第8章
我攥着手机,指甲嵌进掌心肉里:
“好,我知道了。”
挂了电话,我靠在墙上闭了会儿眼。
脑子里翻来覆去都是张妍晕过去之前那句对不起,和那三个被她偷走的快递。
蜂蜜、水乳、粽子,一件比一件不值钱,但她一件一件偷,一件一件在我面前炫耀。
两年了,我忍了两年,今天终于捅破了这层窗户纸,代价却是她躺进急救室。
急救室的门突然推开,护士探出头来:
“家属,病人醒了,脱离危险了,你们可以进去看看,但别吵。”
刘兰若和赵悦涵猛地站起来,腿软得踉跄了两步,我伸手扶了她们一把,三个人一起往里面走。
张妍躺在病床上,脸色还是白得吓人,但眼睛是睁着的。
她看见我进来,嘴唇动了动,眼泪又涌出来了。
刘兰若和赵悦涵扑到床边,一个抓着她手哭,一个摸着她的额头念叨“吓死我了吓死我了”。
我站在床尾,看着这三个人哭成一团。
张妍的目光穿过刘兰若和赵悦涵的脑袋,直直落在我脸上。
她张了张嘴,声音哑得几乎听不见:
“林佳仪,谢谢你。
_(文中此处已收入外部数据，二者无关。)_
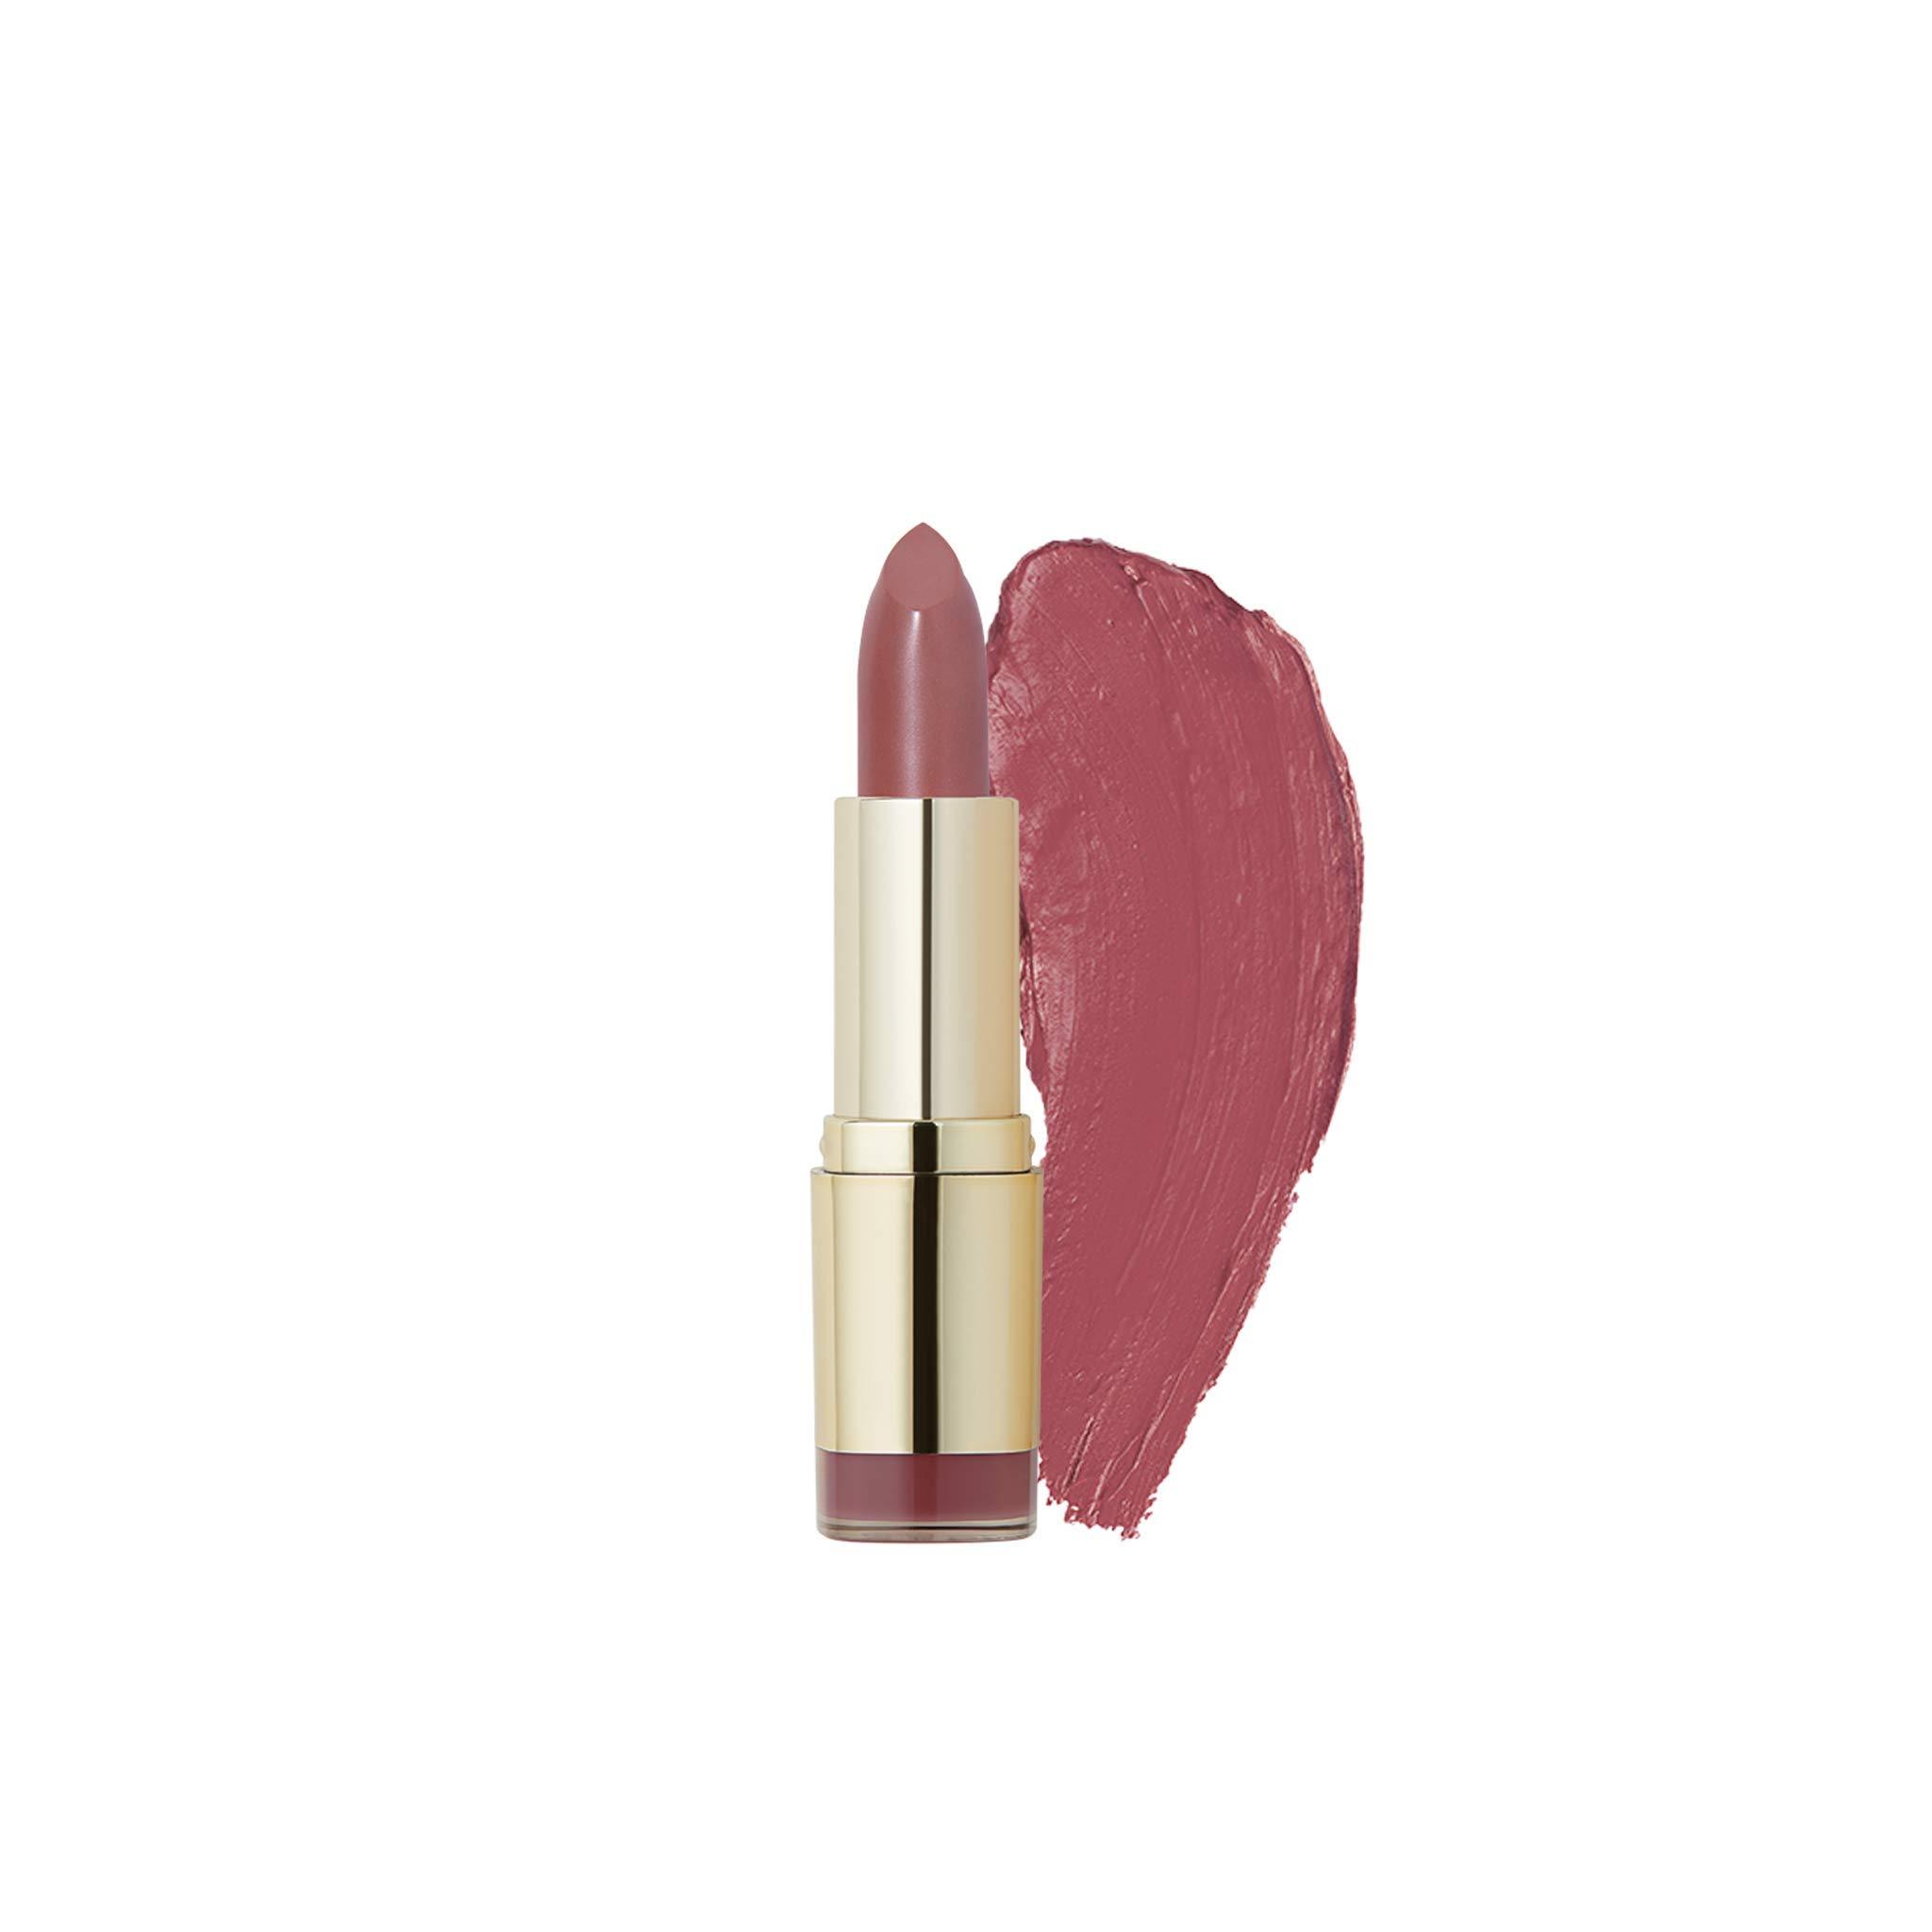 Milani Color Statement Lipstick - Rose Femme, Cruelty-Free Nourishing Lip Stick in Vibrant Shades, Pink Lipstick, 0.14 Ounce

”
我没应声,只是走过去,把她床头那个呕吐用的塑料盆端起来,递给旁边的护士。
护士接过去的时候多看了我一眼,大概是在奇怪病房里这三个人哭得那么亲,而这个站在旁边帮忙的人却冷着一张脸。
张妍看着我,眼泪淌得更凶了:
“你的粽子,我赔你。”
“不用了。”
我打断她,语气平静得像在说今天的天气:
“我妈重新寄了一箱,你好好养着吧。”
我说完这句话,转身往外走。
刘兰若在身后叫了我一声:
“林佳仪!”
我脚步顿了一下,没回头。
赵悦涵的声音追过来,带着哭腔:
“你回去好好处理一下膝盖上的伤。”
我抬手摆了摆,推开病房门,走了出去。
走廊里的风从窗口灌进来,吹在我脸上,凉丝丝的。
我低头看了一眼膝盖上那块被血洇透的纱布,忽然觉得腿有点软。
我扶着墙慢慢蹲下来,把脸埋进手臂里,肩膀不受控制地抖了一下。
急救室里传来张妍低低的哭声,断断续续的,像被风撕碎的纸片。
走廊尽头有护士推着器械车经过,轮子碾过地板,发出咕噜噜的声响。
我蹲在那儿,好半天没动。
脑子里只有一个念头:我妈新寄的那箱粽子,这回我得亲自去驿站守着拿。
6
我在走廊里蹲了多久,自己也不知道。
直到膝盖上那块纱布彻底被血浸透,血珠子顺着小腿淌下来,滴在医院白晃晃的地砖上,我才慢慢站起来。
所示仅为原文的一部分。